__Collected data__:
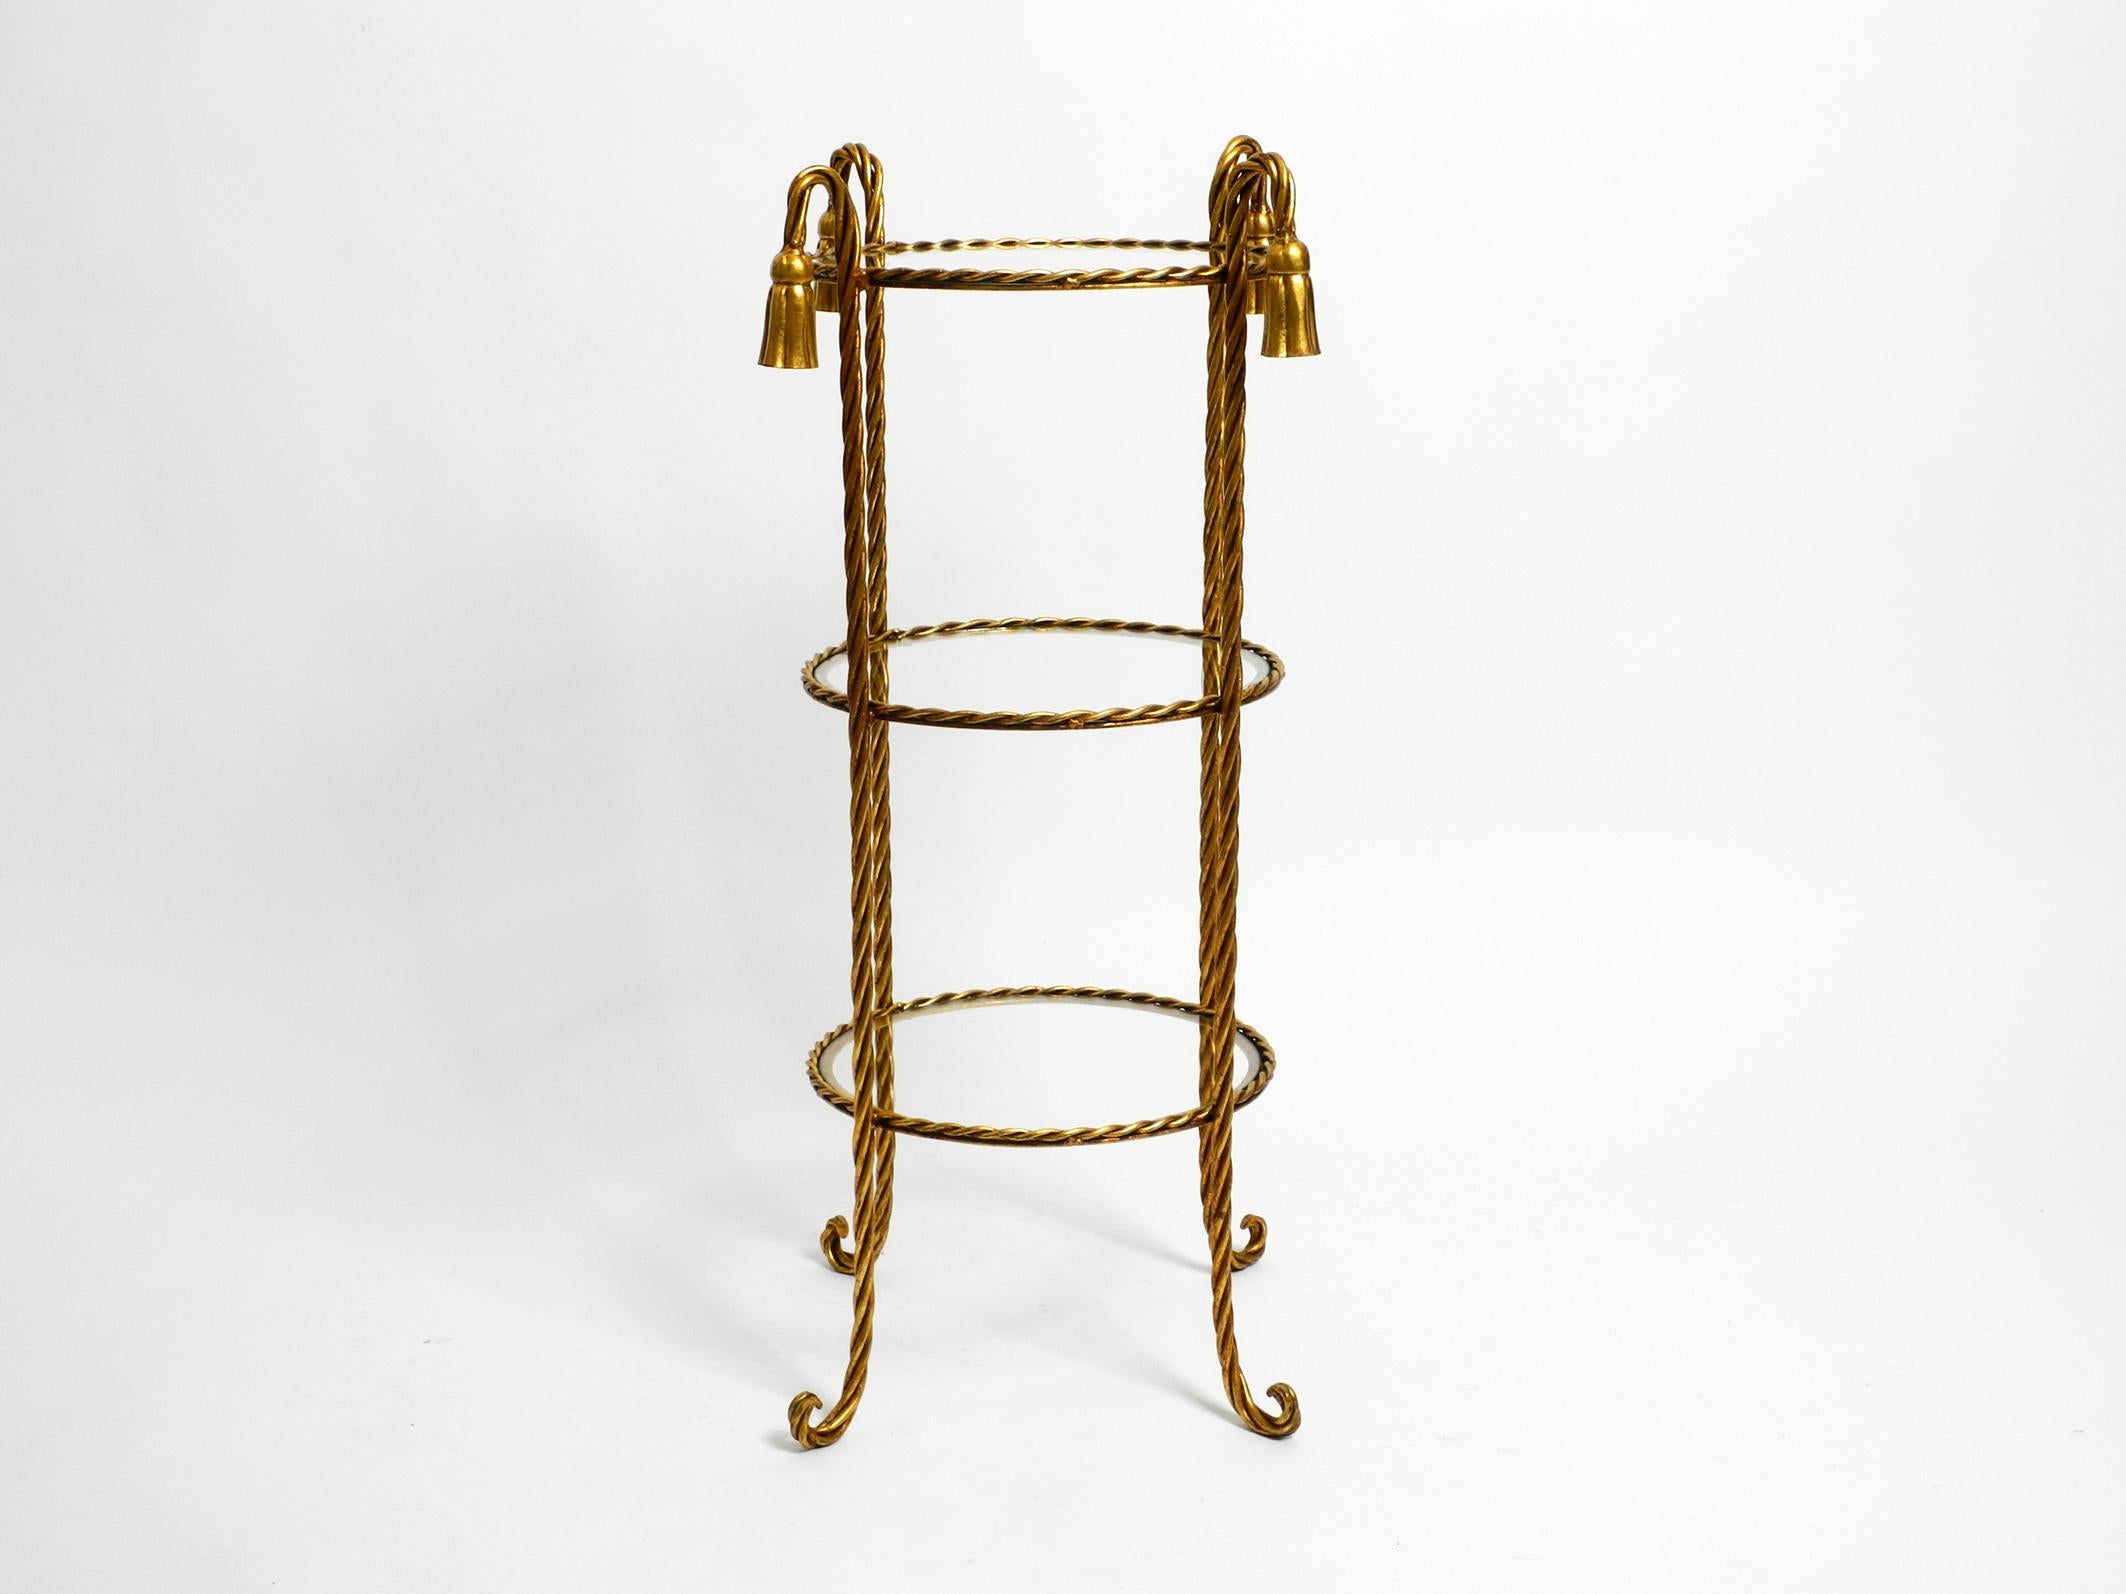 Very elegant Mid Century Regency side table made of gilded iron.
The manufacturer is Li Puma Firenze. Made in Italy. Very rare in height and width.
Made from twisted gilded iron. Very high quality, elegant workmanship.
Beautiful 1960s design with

__Problem statement__: Restate the whole listing above exactly, except for its images.

__Response box__:
 Very elegant Mid Century Regency side table made of gilded iron.
The manufacturer is Li Puma Firenze. Made in Italy. Very rare in height and width.
Made from twisted gilded iron. Very high quality, elegant workmanship.
Beautiful 1960s design with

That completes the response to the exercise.